So I had a bit of an idea. There was only the one page lighting up like that, so we loaded it in a browser, copied the HTML source, and saved it to a file. Then we uploaded that file to a directory of static content, and added a single matching pattern -- that page's precise URL -- to the .htaccess file. Apache short-circuited those requests right to the saved source and bypassed all dynamic processing. The requests were still all hitting the app servers, but they required hardly any effort to fulfill. Most of the dynamic content is loaded via third-party Ajax calls (e.g. disqus), so it was still updating in real time, and for anything that was processed server-side, it was okay if it only got updated when we manually refreshed the page source.

It's not a scalable strategy for scalability: too much human intervention, and it only works if you catch a spike on the upswing. It's a quick-and-dirty thing, and not a reason to slow down at all on implementing a true scaling mechanism. But I'm going to keep it filed away in my bag of tricks just in case.

Tuesday, October 23, 2012

Proposing a new HTTP request header: max_timeout

I'm certainly not going to confess that my sites sometimes have technical problems. But a... friend...of mine tells me that servers can get bolloxed up. With a site like OvationTix (er, I mean: OshmationShmix), the most likely source of a site-wide problem will be congestion in the database. In such instances, the site will not be completely inaccessible, but it will be seriously slow. Users will say "the site's down," while engineers will say, "it's not down, exactly..." Situations like this can be frustrating, and become especially problematic when dealing with SLAs -- if pages that usually load in 2 seconds are instead loading in 2 minutes, is that "downtime," requiring remediation according to an SLA? I've seen some contracts stipulating that all pages must respond in under 3 seconds. That's good, but still too coarse-grained; what about a page (like a big report) which typically takes 20 seconds -- and which users expect will take a long time?
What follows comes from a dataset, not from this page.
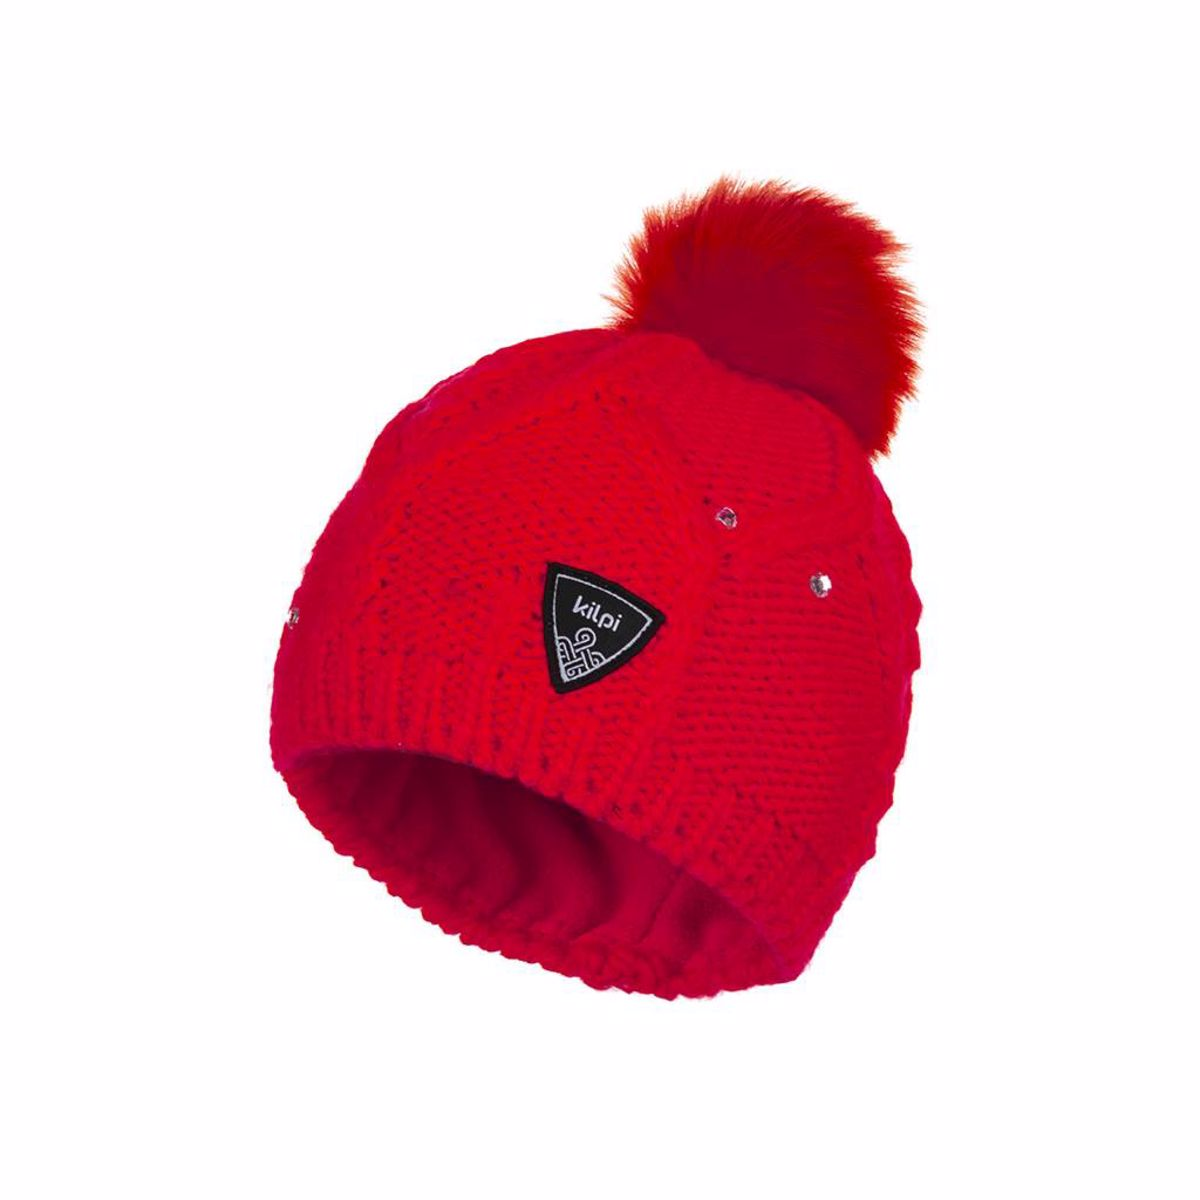 01728f8bc KILPI LADY-JG - dievčenská pletená čiapka | VeredaSport.sk

For this and other situations, I'm proposing a new HTTP request header: max_timeout (in milliseconds). After the timeout is reached, the browser will treat it as failed and inform the user accordingly. For users, this resolves ambiguity: currently, if a page loads slower than they're used to, they don't know whether it's likely to load in another second or two, or if it's stalled forever. For servers, this timeout can be used to abort processing of requests that exceed the threshold. (If the user isn't waiting for the response, there's no reason to keep executing the request.) Servers could also use this parameter to prioritize incoming requests: those that expect a subsecond response will go to the top of the pile, and those that say "hey, no rush" can be delayed.

How would the timeout be specified? We need to allow different requests to specify different timeouts. For the first request to a site, the timeout could be delivered via DNS (not saying this is easy to implement, but...): a response from a DNS server would contain the destination IP as well as the recommended timeout header to request. For subsequent pages, a parameter on an <a> tag or Ajax call would instruct the browser on how to construct the request header.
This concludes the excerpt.